En fait, à Pusca, la population a déjà commencé à changer. Il existe même une rue surnommée "la rue blanche", parce qu'on y trouve des familles mixtes. Parmi elles, celle de Michko, le violoniste, né d'un père rom et d'une mère slovène. Avec son fils, qui l'accompagne à l'accordéon, il entretient l'héritage musical de sa communauté. Il joue notamment tous les ans pour l'anniversaire du village, au mois de septembre, quand les habitants des environs viennent danser ici. L'époque où les roms devaient vivre à l'écart lui semble révolue.
"Je reste un rom : je bouge beaucoup, j'aime l'amour et la musique". "Aujourd’hui, il y en a énormément, des couples mixtes. Il n’y a pas de friction, pas de nervosité, pas d’interdit. C’est fini, tout ça. La mère de mon fils est Slovène, ma nouvelle femme est Slovène. Mes beaux-parents m’ont accueilli à bras ouverts. Mon fils lui-même a une compagne slovène. Donc, non, vraiment, ce n’est plus un sujet. Mais je reste un rom : je bouge beaucoup, j'aime l'amour et la musique", raconte-t-il.

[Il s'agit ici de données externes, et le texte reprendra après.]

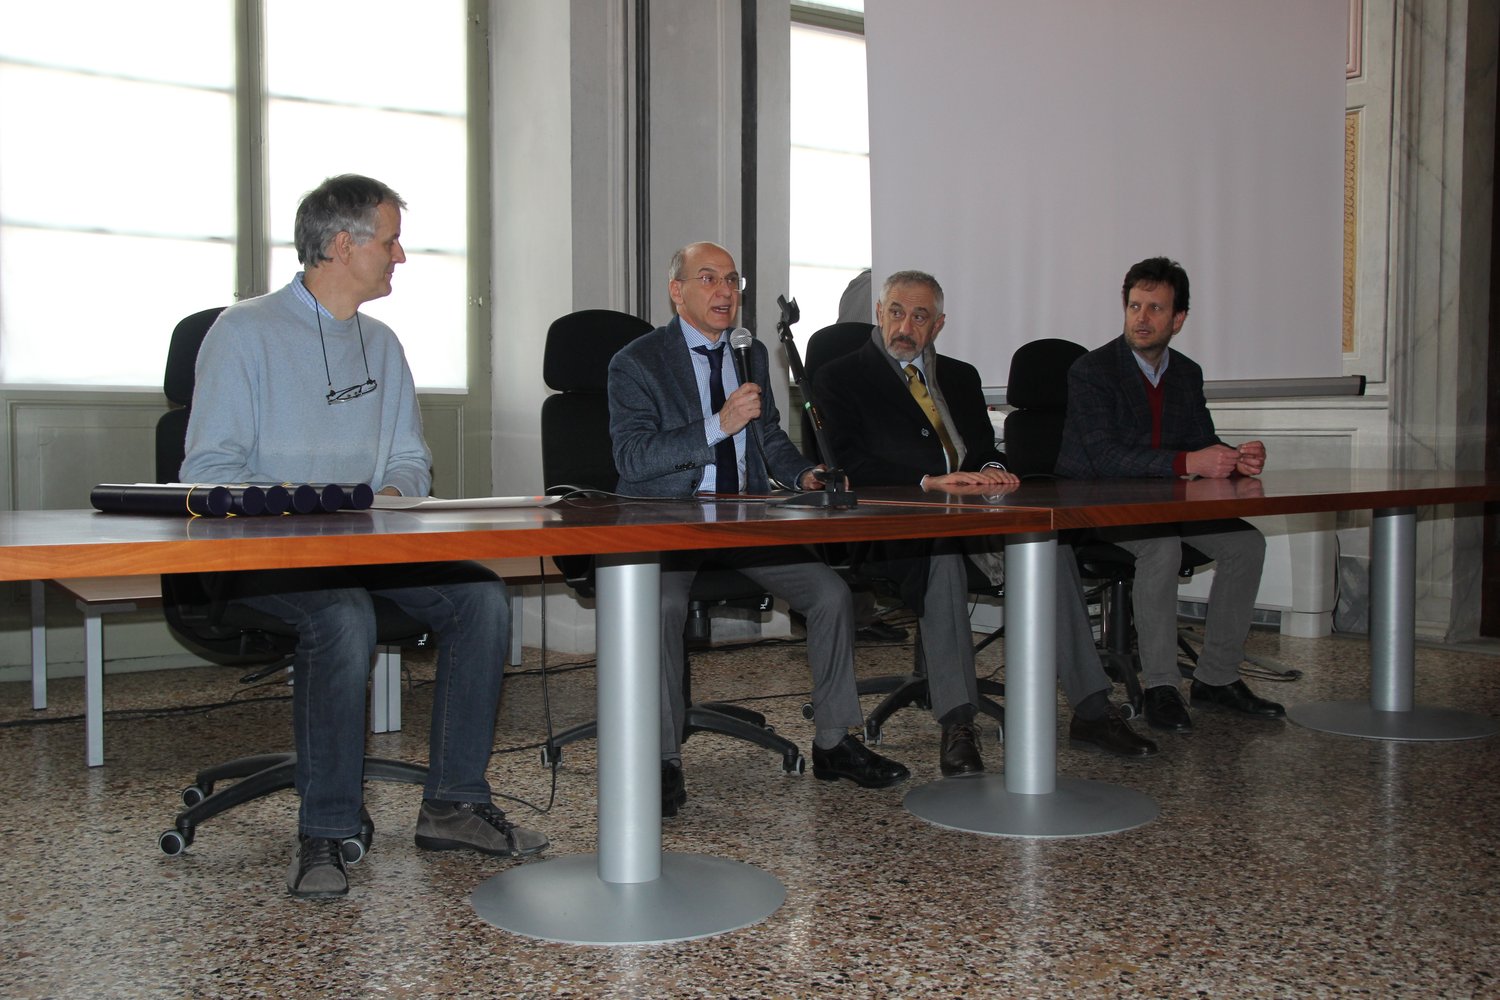 Premi di laurea “Danieli” a 6 laureati in ingegneria dell'Università di  Udine - Qui UNIUD
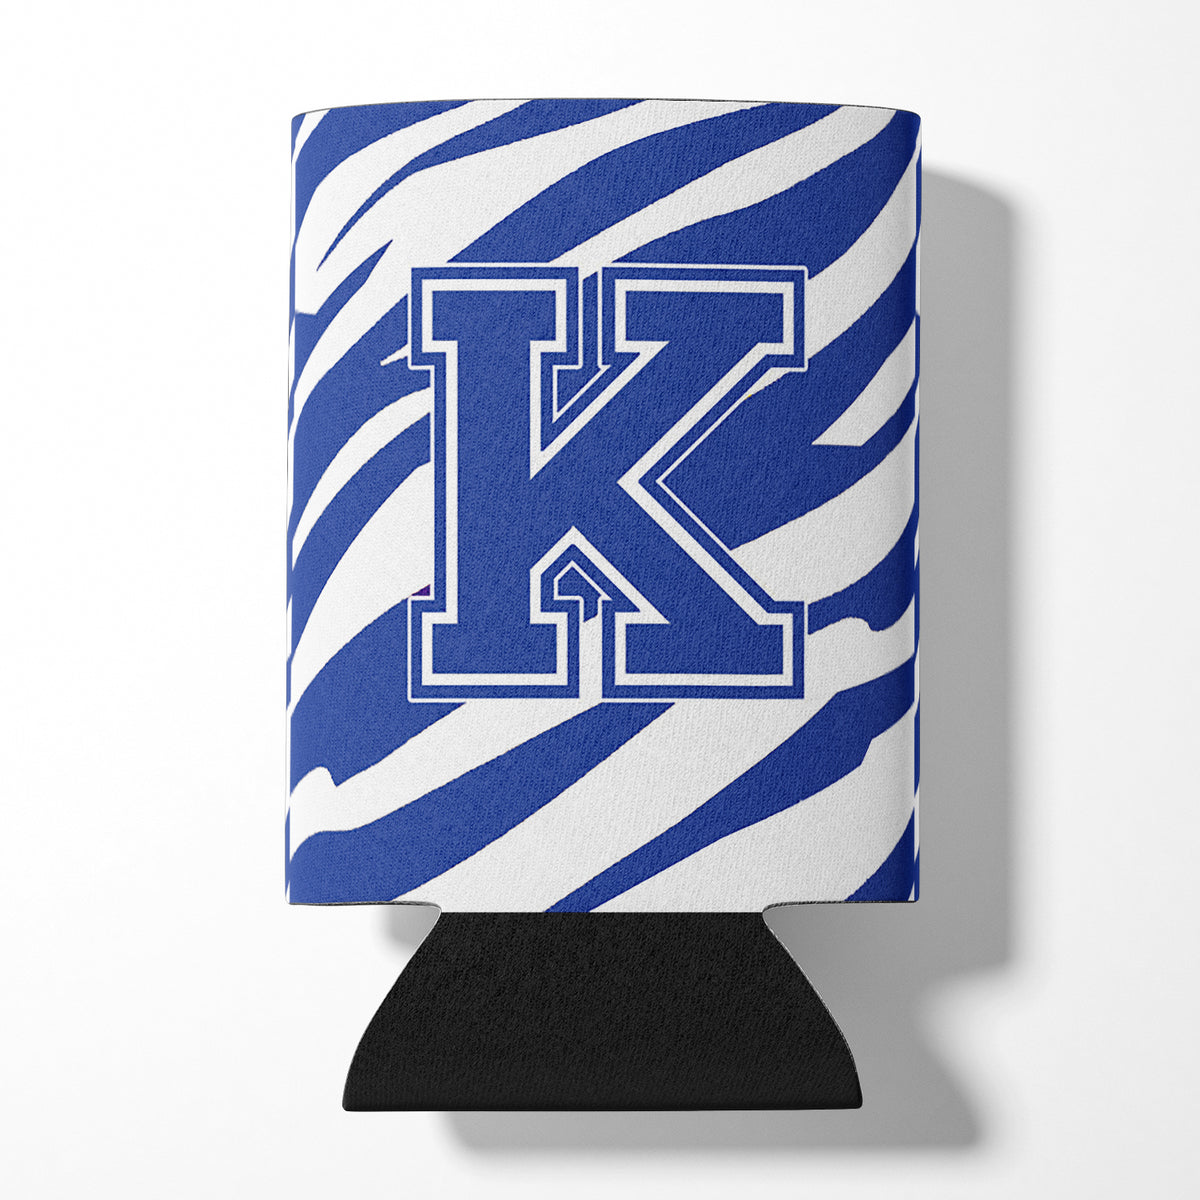 Letter K Initial Monogram - Tiger Stripe Blue and White Can Beverage Insulator Hugger.

Aujourd’hui, Michko se produit un peu partout dans la région. Car les roms veulent aussi diffuser leur culture. Pour le prouver, le chef de la communauté, Horvat Muc, nous emmène dans le centre-ville de Murska Sobota et montre le petit musée qu’il a créé, près de la place du marché : ici, dans une pièce unique dont les murs sont tapissés de textes et de photos, on trouve des outils, des costumes, des poteries, des paniers, toutes sortes de témoignage de l’activité des roms.
"Nous avons proposé de faire apprendre notre langue dans les écoles". "C'est une idée de l'Union européenne des roms. Ensemble, nous avons décidé d’ouvrir des musées pour mettre en valeur notre culture matérielle. Il y en a un ici, mais il y en a aussi en Slovaquie, en Lettonie, en Serbie. L’idée, c’est qu’il y ait un réseau de musées à travers toute l’Europe", assure Michko.
Et l’ambition des roms ne s’arrête pas là : ils aimeraient que leur langue, le romani, trouve également sa place dans les programmes scolaires. "Nous avons proposé de faire apprendre notre langue dans les écoles, comme une langue facultative. Ça n’a pas encore été accepté, mais on a déjà préparé le matériel, regardez : ça, c’est le manuel du romani standardisé. Tout est prêt", poursuit Michko.
Une bibliothèque "qui donne une visibilité à cette culture". Un jour, peut-être, ce manuel se retrouvera à quelques centaines de mètres de là, dans la bibliothèque universitaire (photo ci-dessus). Car ici, parmi les rayonnages, on en consacrés aux roms. Il y a des ouvrages de politique, de sociologie, d’histoire, d’ethnologies, rassemblés par Jasna, la directrice : "C’est la seule bibliothèque publique de Slovénie qui présente de façon organisée les ouvrages consacrés aux Roms. Il y en avait 500 au départ, aujourd’hui il y en a à peu près 600. C’est très utilisé par les lycéens et par les étudiants pour faire des recherches. Et ça donne une visibilité à cette culture."
Et parmi les étudiants qui utilisent ces livres, il y a parfois des roms. D'ailleurs, l'un d'eux, venu de Pusca, a déjà réalisé un travail de fin d’études sur l’évolution de sa communauté dans la région. Dans son village, on évoque en souriant le titre de ce mémoire: "Comment la majorité s’intègre dans la minorité."